The trials mark a significant step in the transition towards highly sustainable mobility systems.
The initiative, planned and overseen by Oxfordshire County Council, is part of the HARMONY project, testing low-carbon transportation as well as the integration of new mobility technologies with existing systems. Support was provided by academic partner, University College London, and organisations from the Harmony consortium such as RUAS, who managed the trial operation by providing and flying the drones, and Airbus through its Unmanned Traffic Management platform (UTM).
The Harmony consortium has planned a total of three pilot demonstrations, taking place in Oxfordshire, Rotterdam and Trikala. Their overall objective is to demonstrate electric automated vehicles (AVs) and drones in real-life conditions integrating them with traditional transport modes to understand the requirements, reactions and barriers and collect real-world data.
The project received funding from the European Union’s Horizon 2020 Research and Innovation Programme.
The pioneering combination of technologies used throughout these demonstrations mean they are the first of their kind, looking to advance mobility sustainability by reducing emissions, congestion and noise levels.
The trials at Milton Park, which included the use of an electric van provided by Oxfordshire County Council, and the delivery of a defibrillator, successfully highlighted that the mobility technologies tested enabled increased efficiency and speed of freight delivery.
Oxfordshire has one of the most sophisticated road traffic control centres in the UK and Milton Park was selected as the ideal location for the trials as it could offer a safe and controlled environment for innovative exercises. The Park proved to be a robust testing ground as the drone navigated airspace over the main roads and nearby railway, permitted by Network Rail, while also manoeuvring around buildings and green spaces.
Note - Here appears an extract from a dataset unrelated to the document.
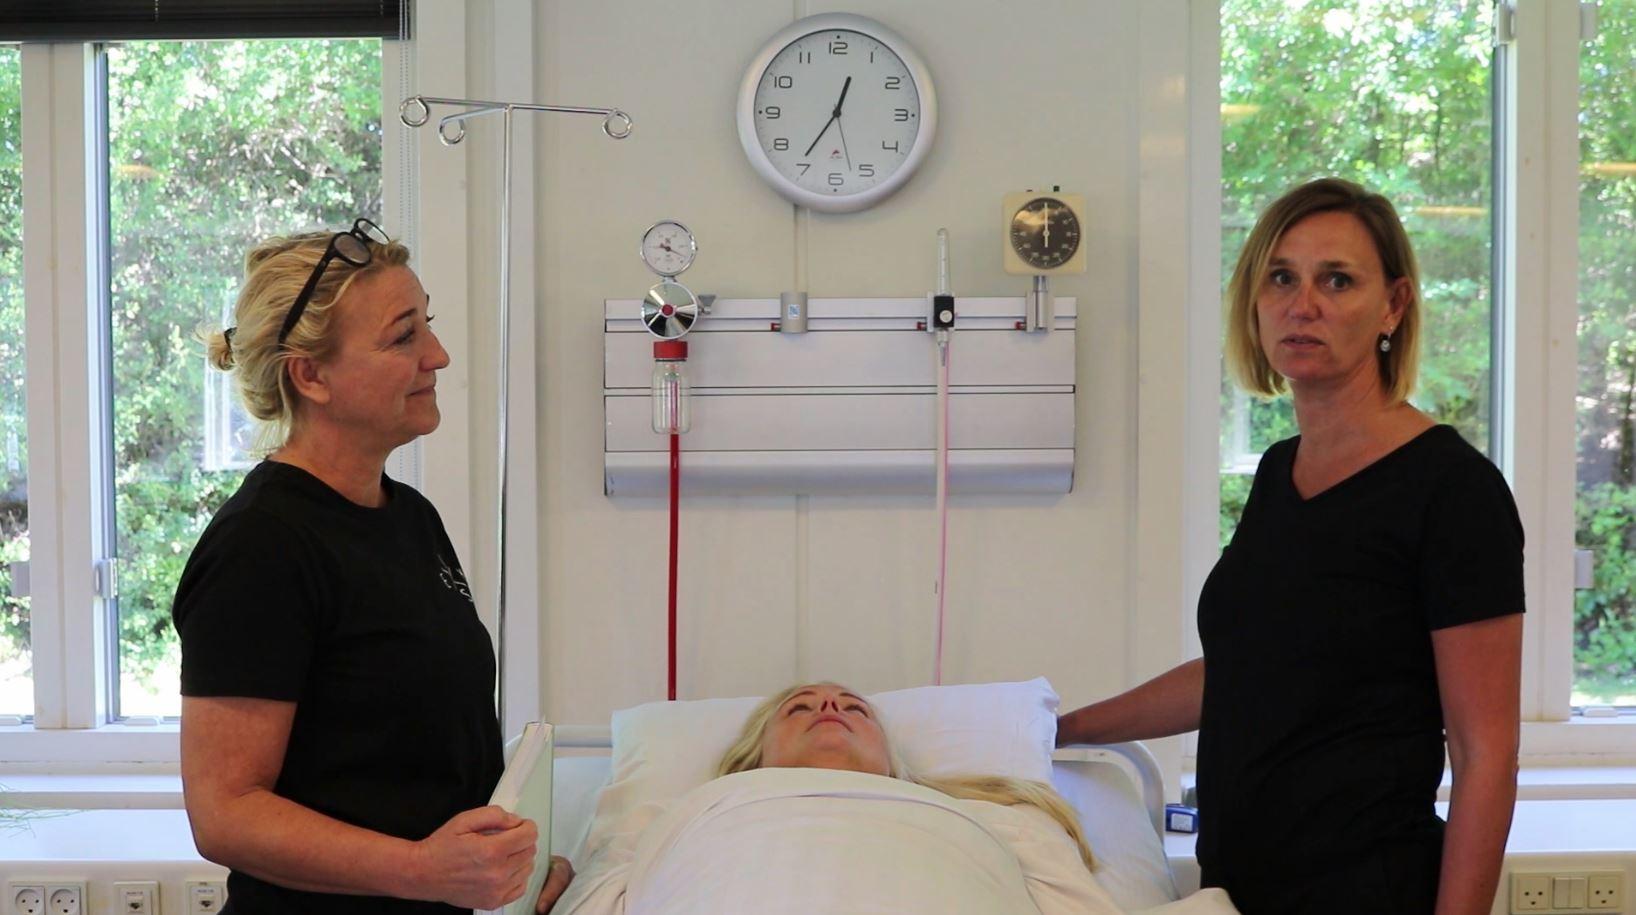 Trebindsværket i sygepleje (VIDEOER)

Councillor Pete Sudbury, Oxfordshire County Council’s Cabinet Member for Climate Change Delivery and Environment, said: “Innovative zero-carbon-ready transport is set to make a huge impact, it just needs us to demonstrate how. Hence this trial, which is another example of our close working with our world leading universities, of which we are extremely proud. As a council, we’re already doing high profile work to help everyone reduce their individual emissions footprint and this is how we’re looking to decarbonise the rest.”
Veronica Reynolds, Sustainability and Community Manager at Milton Park, said: “It was a real privilege for Milton Park to be chosen as the location for these cutting-edge trials in drone technology and we’re grateful for the chance to collaborate with the other consortium partners on such an exciting project.
“The benefits from this innovative technology are clear to see, particularly from a sustainability point of view, as it could ultimately lead to fewer vehicles spending less time on the roads and a reduction in carbon emissions.”